Lieutenant-General Sir George Charles Gordon-Lennox  (29 May 1908 – 11 May 1988) was a senior British Army officer who served during the Second World War.

Military career
Gordon-Lennox was the eldest child of Lord Bernard Gordon-Lennox and a grandson of the 7th Duke of Richmond. His mother was Evelyn, daughter of Henry Loch, 1st Baron Loch. He was educated at Eton and was a Page of Honour to George V from 1921 to 1924.

After Eton, he trained at Sandhurst and was commissioned into the Grenadier Guards in 1928.

He fought with the Grenadier Guards in the Second World War, in which he was wounded, awarded the DSO and mentioned in despatches.
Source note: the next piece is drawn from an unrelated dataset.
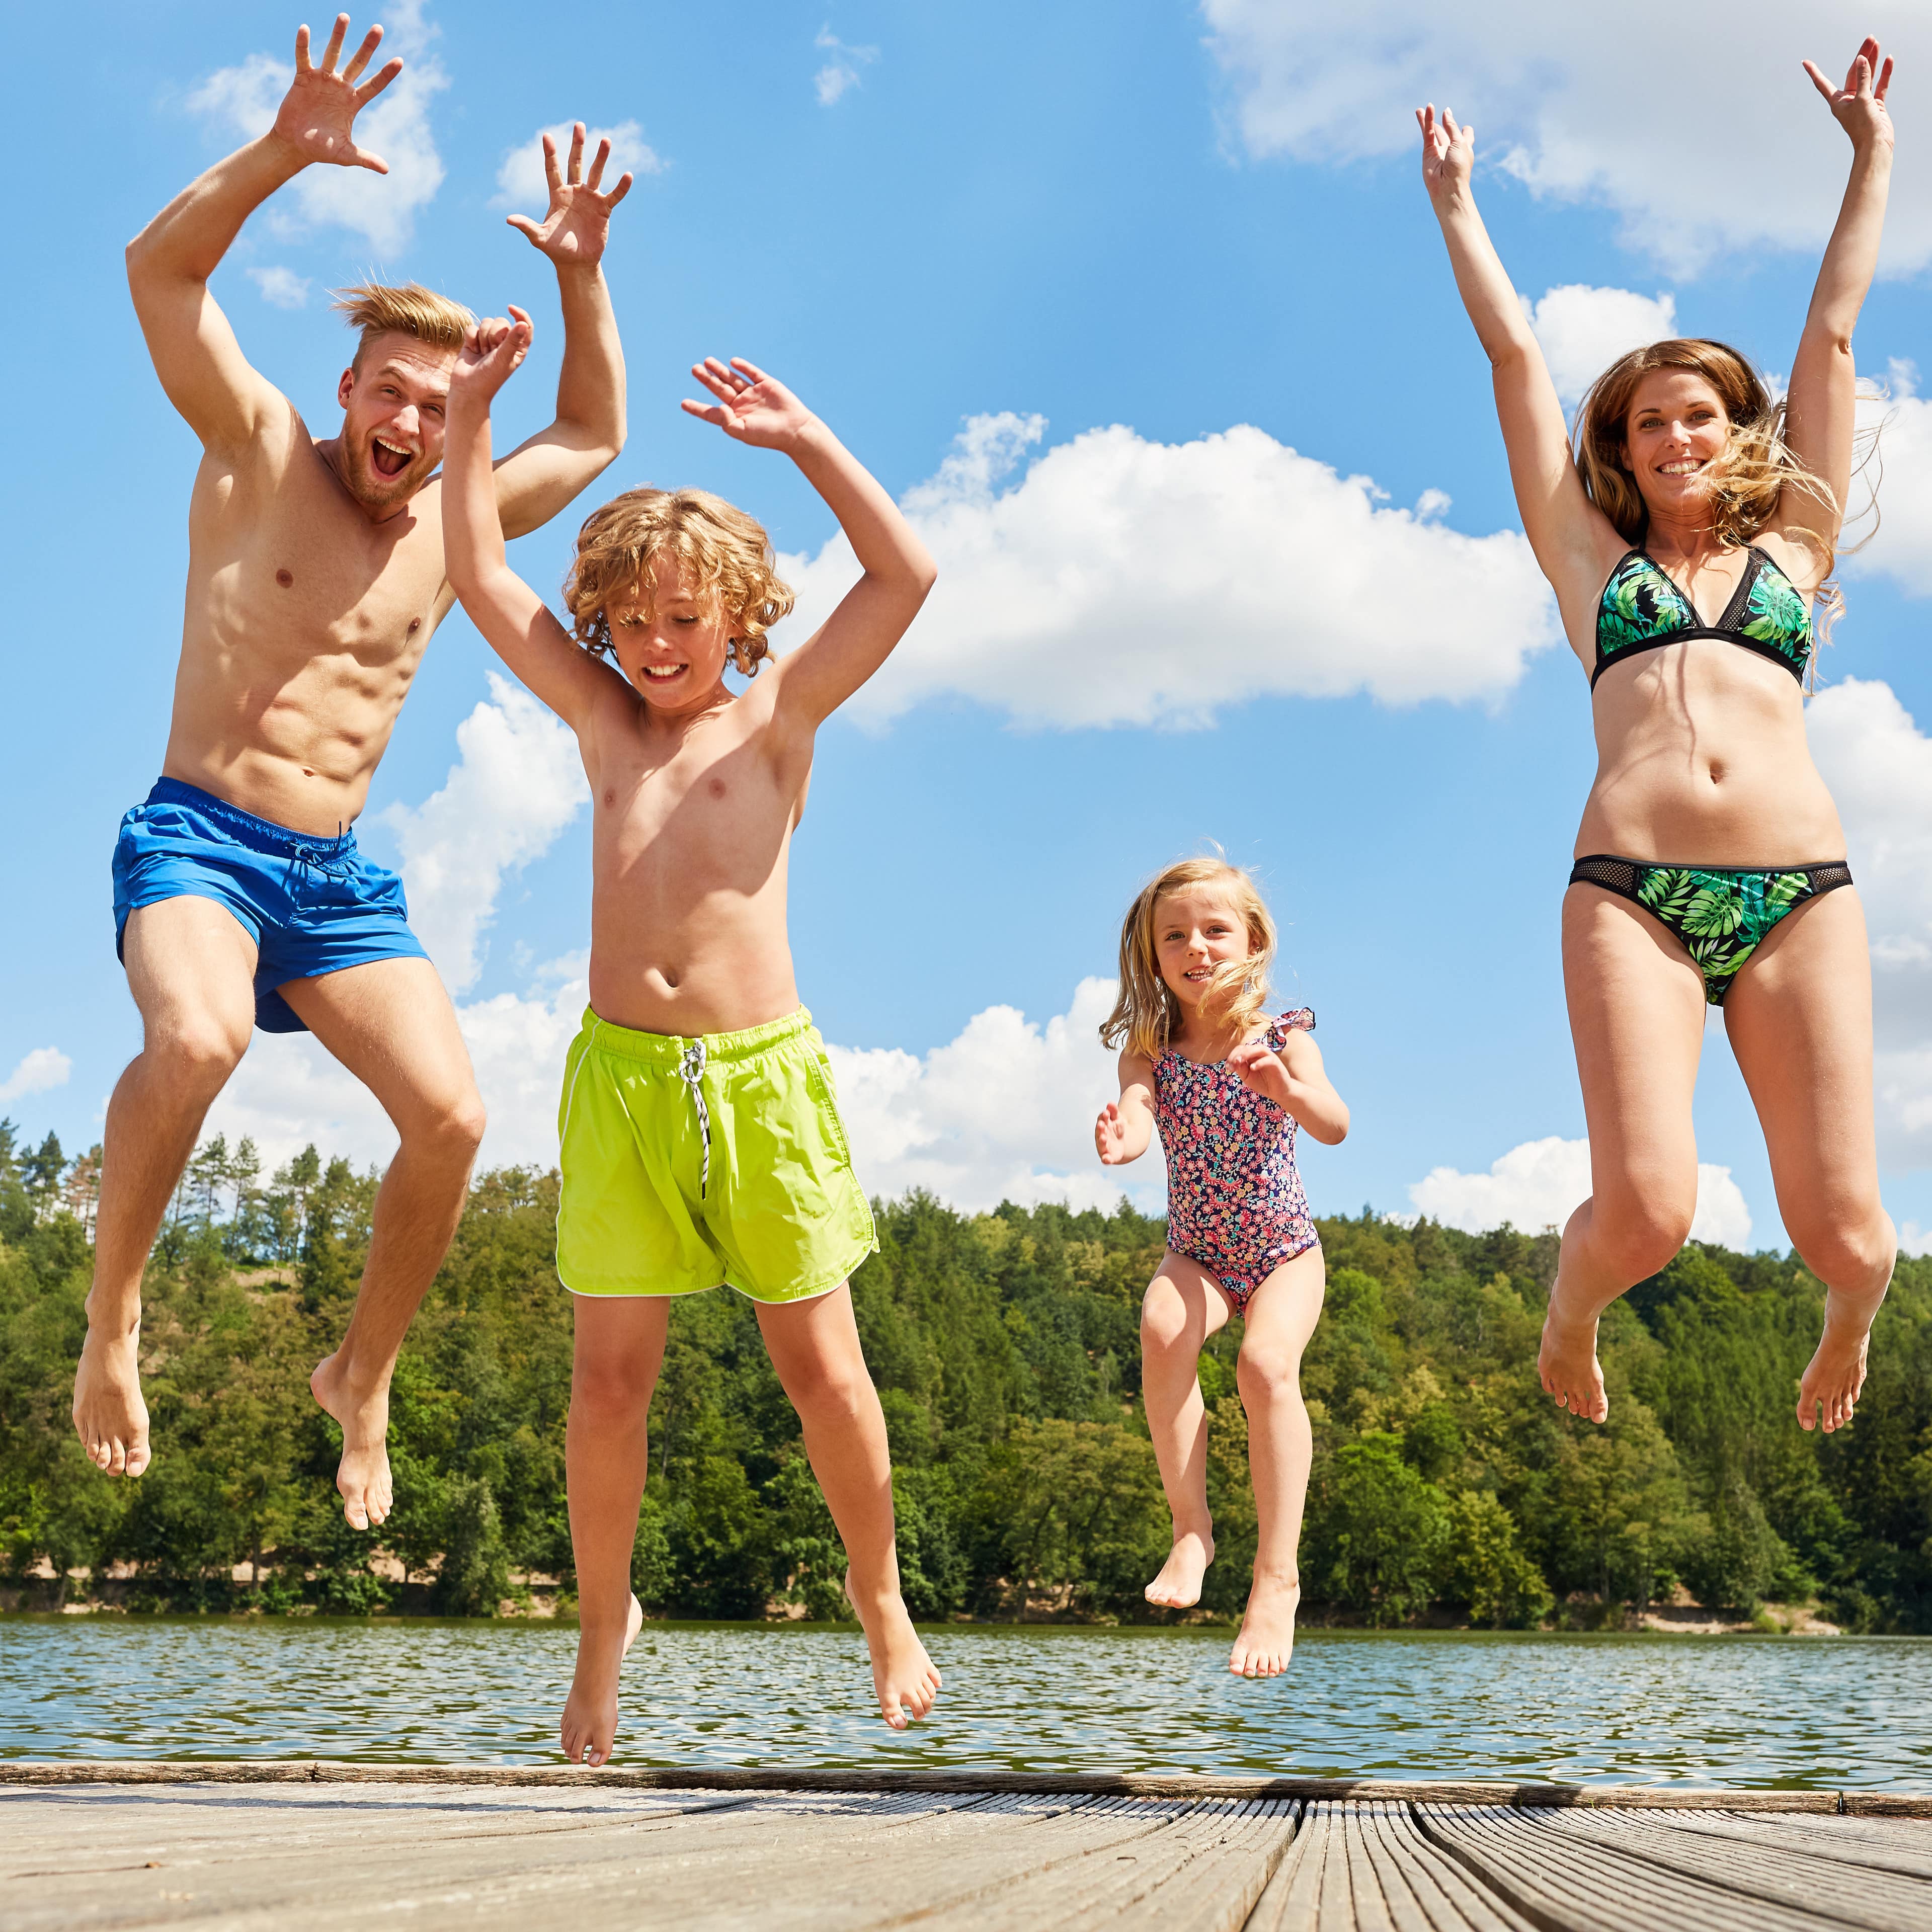 Familie mit 2 Kindern in Badekleidung springt auf einem Badesteg in die Luft.
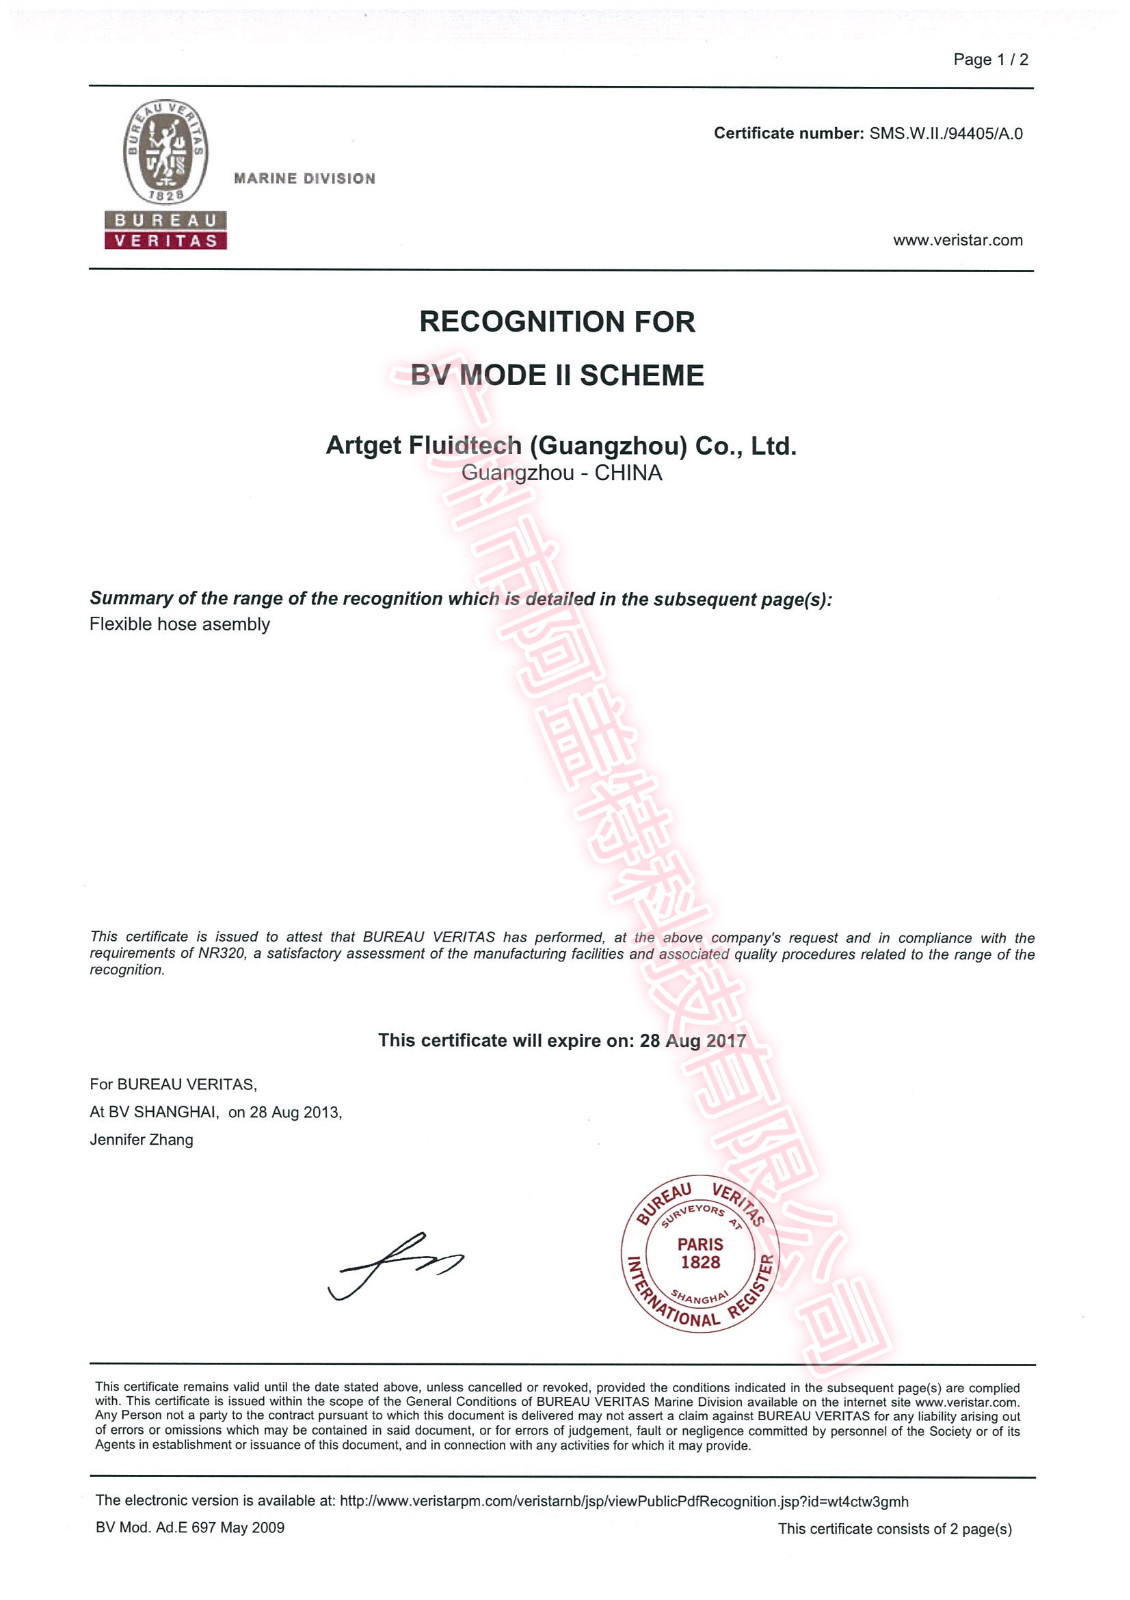 ARTGET管路件产品通过法国船级社BV型式认可证书、BV产品证书

In 1951 Gordon-Lennox was appointed Commanding Officer of the Grenadier Guards and in 1952 he was awarded the CVO. In 1952 he also became Commander of 1st Guards Brigade. He went on to be General Officer Commanding 3rd Division in 1959. In 1960 he became Commandant of the Royal Military Academy Sandhurst and then Director-General of Military Training at the War Office in 1963. A year later, he was knighted and transferred to Scotland where he was General Officer Commanding-in-Chief of the Scottish Command and Governor of Edinburgh Castle until 1966.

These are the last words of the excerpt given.